Slow your roll

The Nevada Department of Motor Vehicles should require drivers to retake the written test every time they renew their licenses. It's stupid, right? But take a look at traffic around the valley, and it becomes clear that it's also necessary. Seriously, take a look. Watch as drivers at intersections fail to yield correctly. Watch as they change lanes in the middle of a left turn. Watch as they fail to yield at all to bicyclists and pedestrians.

More than 60 percent of pedestrians killed in Nevada during 2015 were killed midblock of an intersection. That's according to the state DMV. It's why the Nevada Driver's Manual advises pedestrians that while “[you] have the right-of-way in a crosswalk and at intersections, vehicles don't always stop. Before you step off the curb, make certain cars in both directions have stopped.”

Sounds simple enough, but ask any regular walker, and they're likely to tell you that's not the case. Too often when a pedestrian hesitates at the crosswalk or waves to a slowing driver to signal thanks for yielding, that driver will take it to mean, “No, you go ahead.” That is not what the pedestrian is saying. Do they look like they're waving you through like a road construction flagger? Stop all the way first to check. It's the law.

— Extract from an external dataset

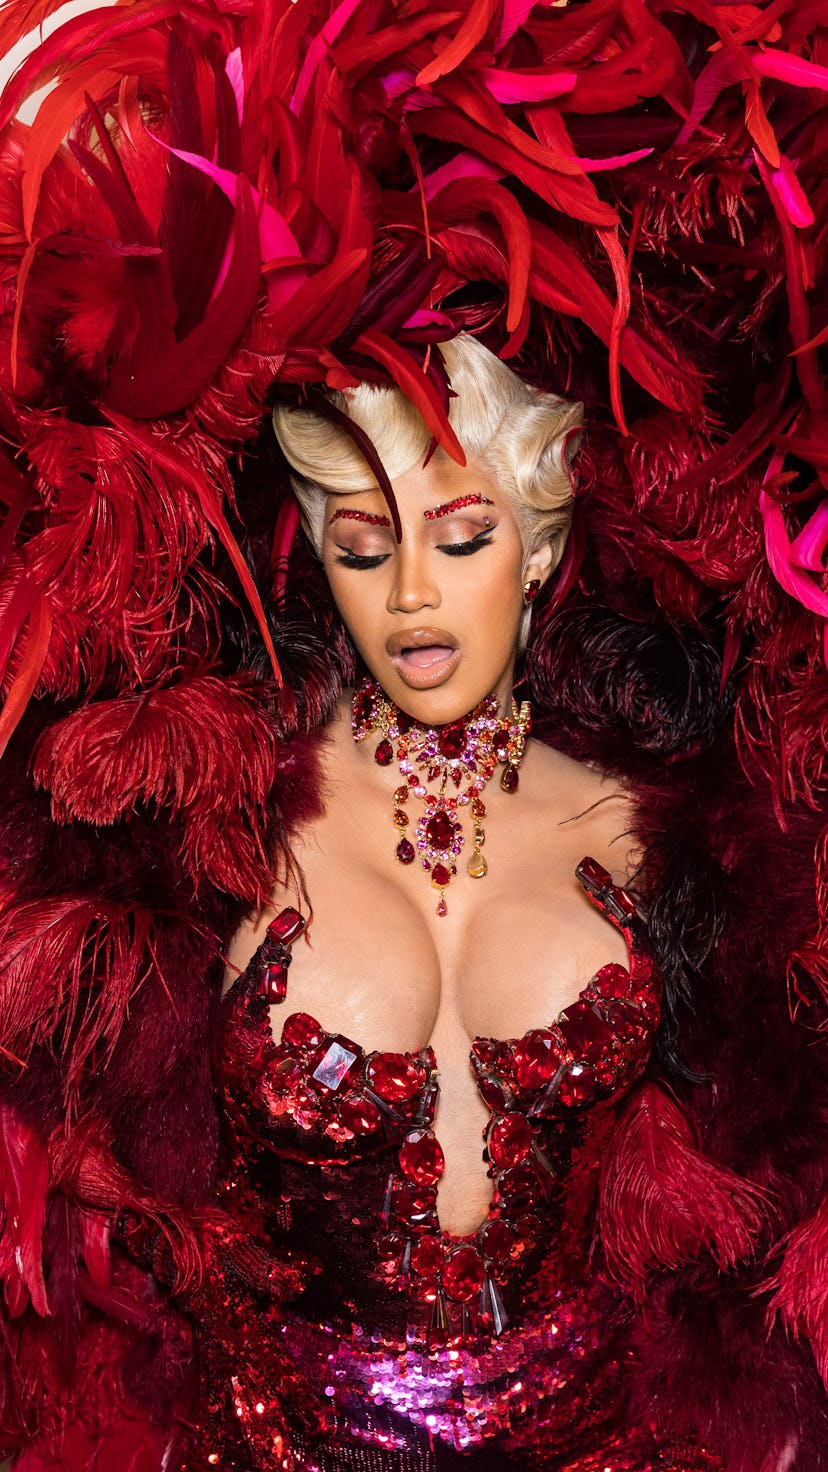 Cardi B's Paris Fashion Week 2021 looks made her the MVP at the front row. From feathers to breastpl...

And smart walkers know that intersections aren't the only frightening places. Everyday driveways scare them too. All too often, drivers backing out of their own drives only look in the direction of the traffic into which they're backing. Just as they do at stop signs, they fail to look up and down sidewalks for pedestrians.

And what about those who say pedestrians need to be more responsible for their own safety? What about those who buy the line that most pedestrian deaths are caused by their own negligence? That notion doesn't hold water—in part because able-bodied adults of sound mind aren't the only ones walking our public streets. The elderly use them, the differently-abled and, of course, children. Again, take a look. The memorials to the ones who've been killed can be seen at intersections around the valley. The news reports are frequent. Just last month, two Traner Middle School students were hit by an SUV. They were in a crosswalk. The 12-year-old girl who struck was wounded so grievously she was still in the hospital last week—her family still asking for prayers and also donations through a GoFundMe page to help with the costs.

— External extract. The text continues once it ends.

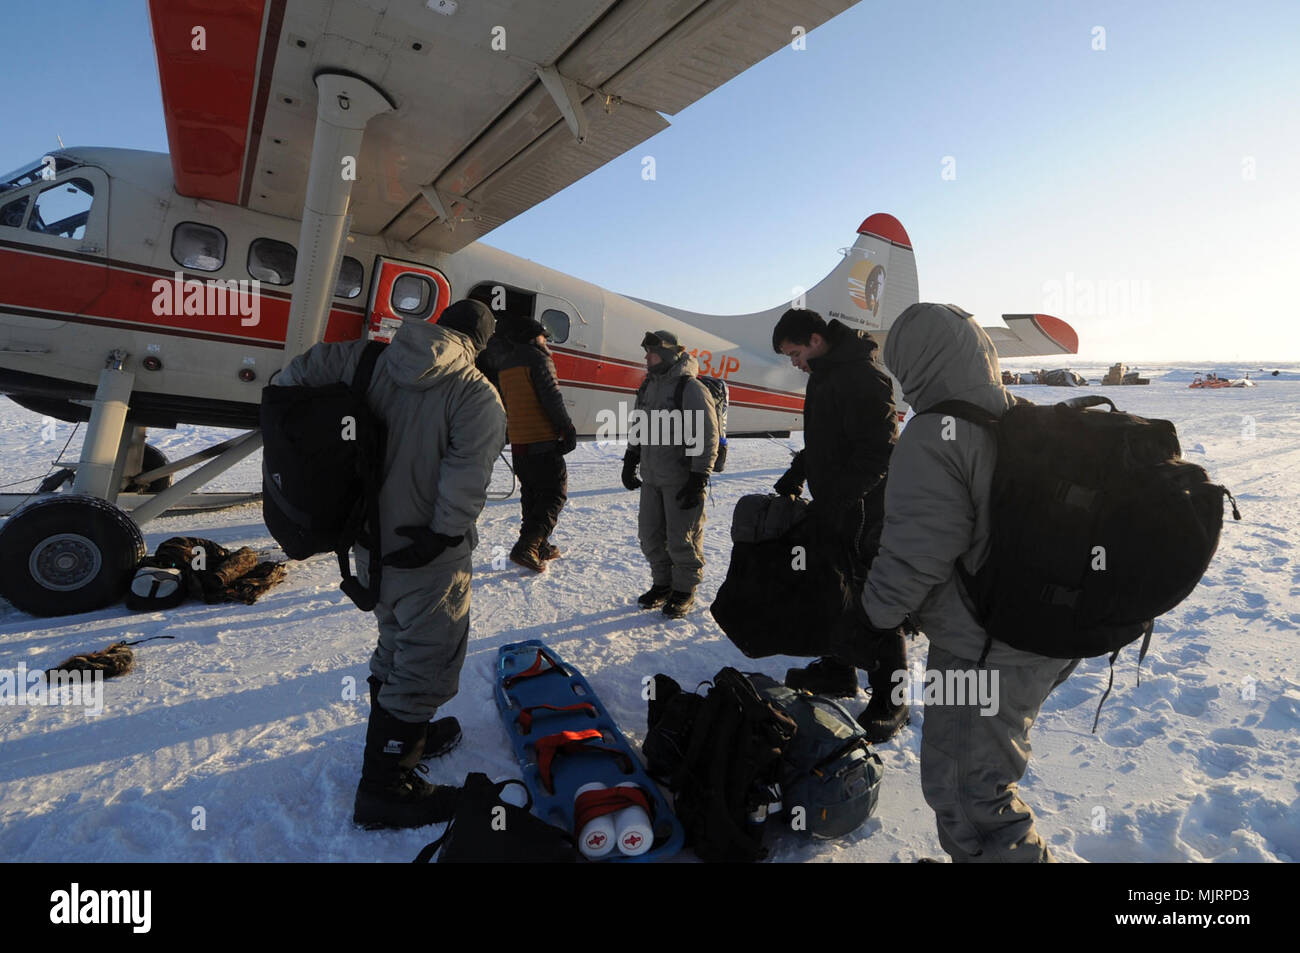 BEAUFORT SEA (March 21, 2018) Personnel at Ice Camp Skate load equipment and bags onboard an aircraft prior to departing camp during Ice Exercise (ICEX) 2018. ICEX 2018 is a five-week exercise that allows the Navy to assess its operational readiness in the Arctic, increase experience in the region, advance understanding of the Arctic environment, and continue to develop relationships with other services, allies and partner organizations. Armed Forces and civilians displaying courage bravery dedication commitment and sacrifice Stock Photo

Trucks and SUVs generally range between 3,500 and 5,500 pounds. Most vehicles, though, are multi-ton machines. They're inherently dangerous. Yet we, as their operators, are often more concerned with the radios they contain, their climate control systems, the coffee in our cup holders. That's fine, but we've got to remember to put those concerns on hold—when we're backing out of driveways or approaching intersections or crosswalks.

Please, look both ways. Slow down. Stop for pedestrians. Take some time, so you don't accidentally take a life.